SOURCE MATERIAL:
*** Block opens ***

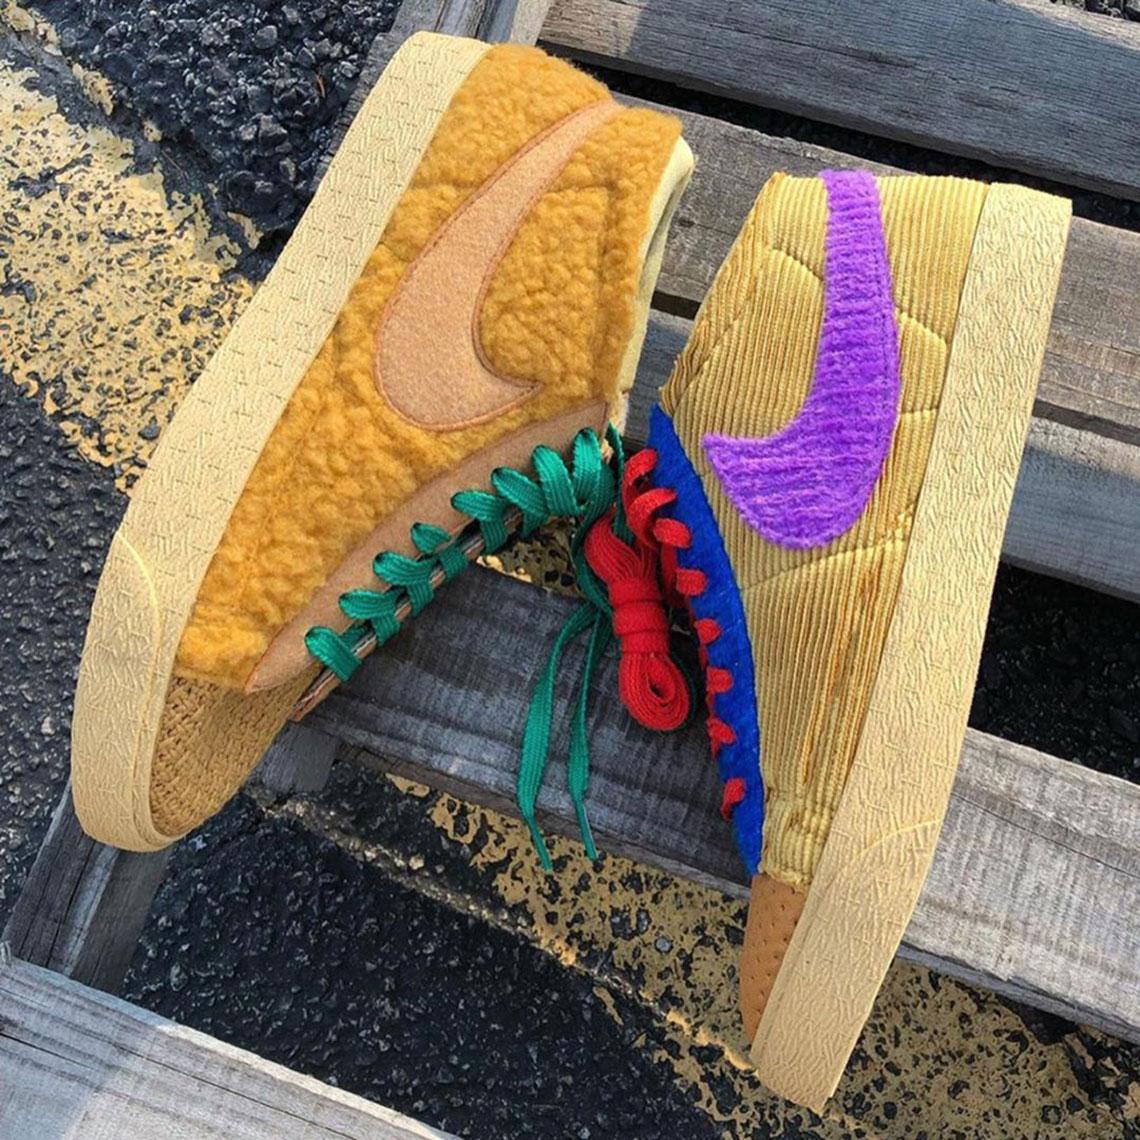 CPFM Cactus Plant Flea Market Nike
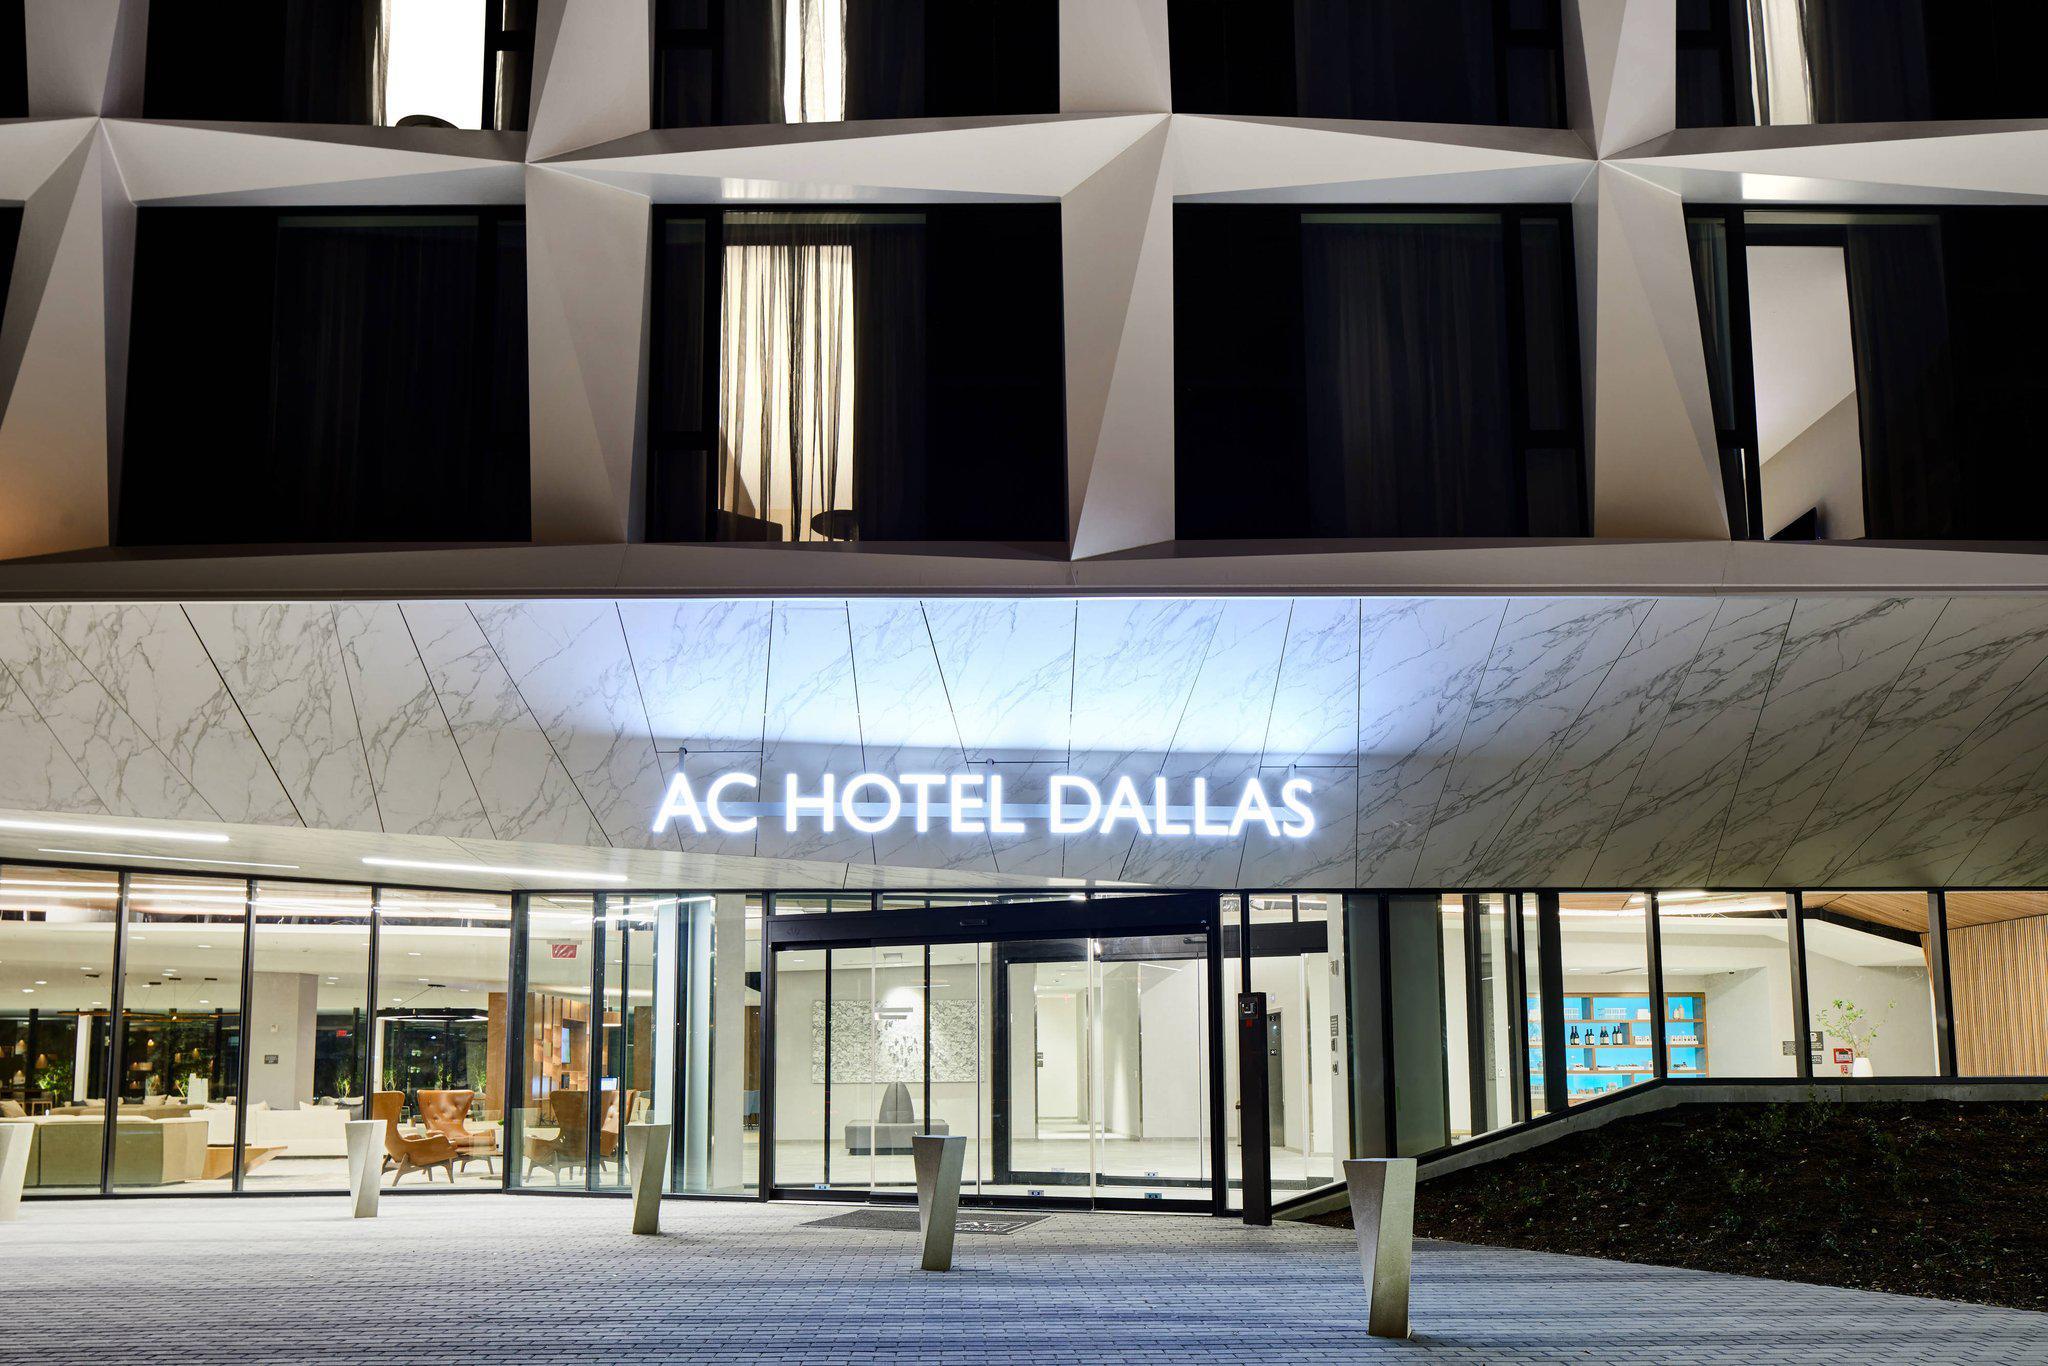 AC Hotel by Marriott Dallas by the Galleria
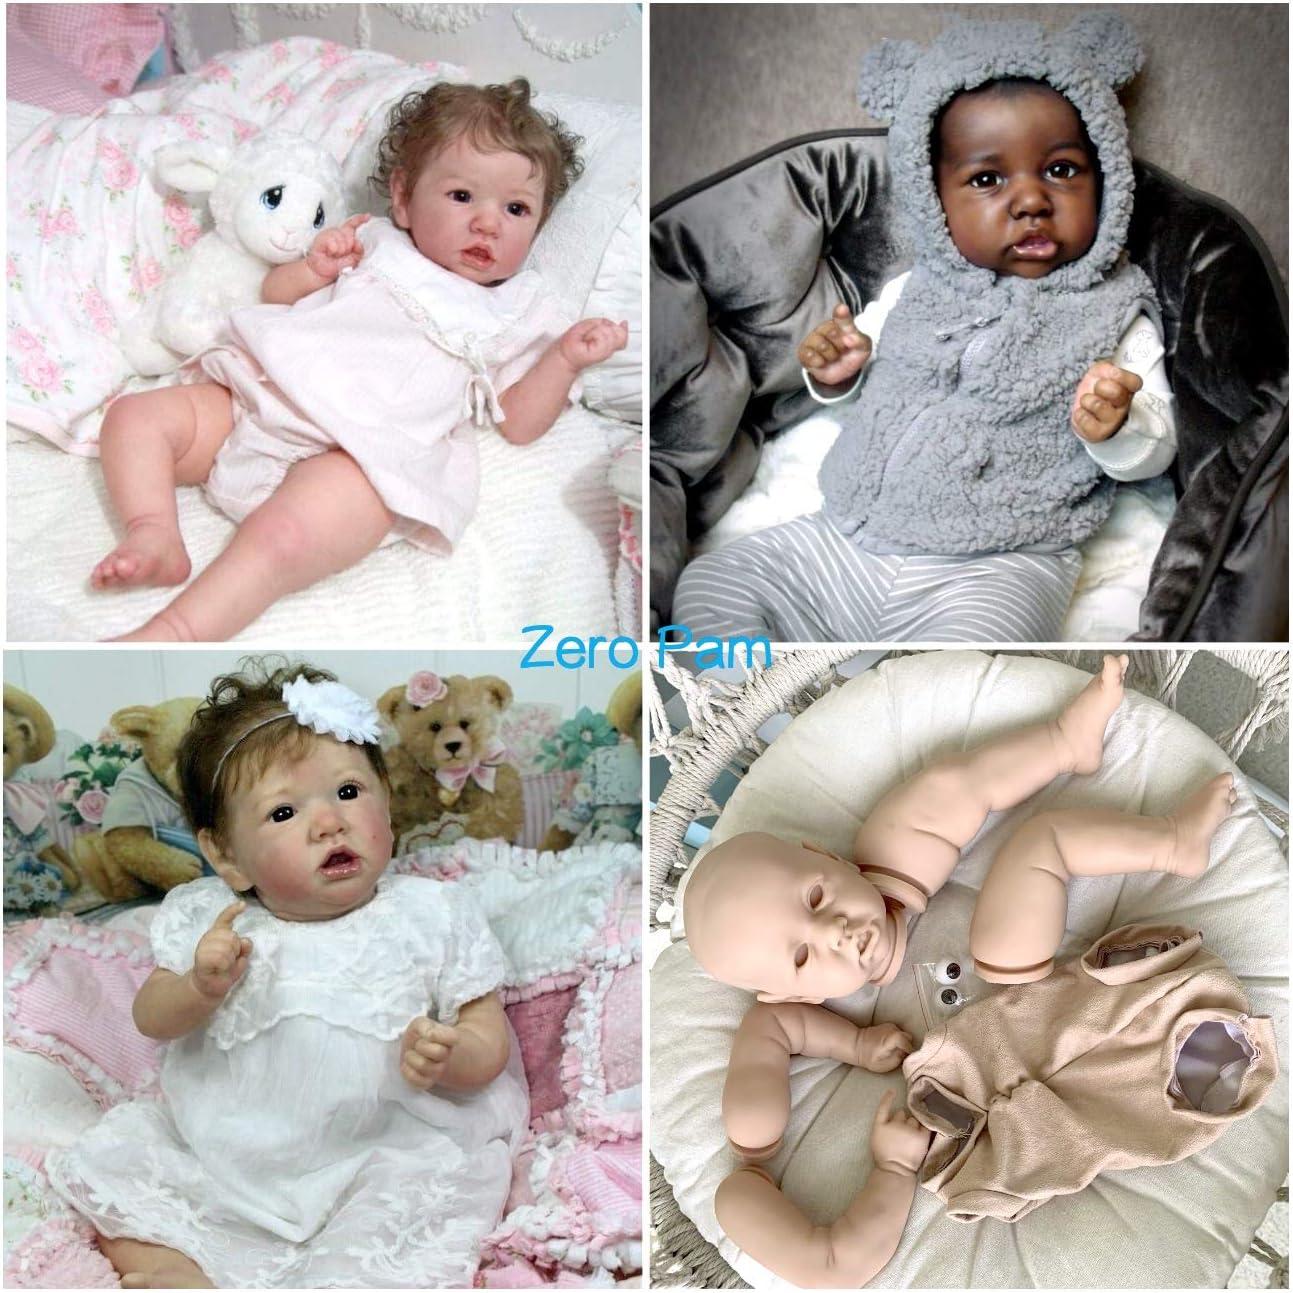 Blue Eyes Zero Pam Reborn Doll Kits 55cm 22 Inch Silicone Full Limbs and Soft Cloth Body Realistic DIY Doll

*** Block closes ***

ABOUT THIS EXERCISE: Leave out the pictures, and write out all the remaining data above exactly.

EXPECTED ANSWER:
 CPFM Cactus Plant Flea Market Nike
 AC Hotel by Marriott Dallas by the Galleria
 Blue Eyes Zero Pam Reborn Doll Kits 55cm 22 Inch Silicone Full Limbs and Soft Cloth Body Realistic DIY Doll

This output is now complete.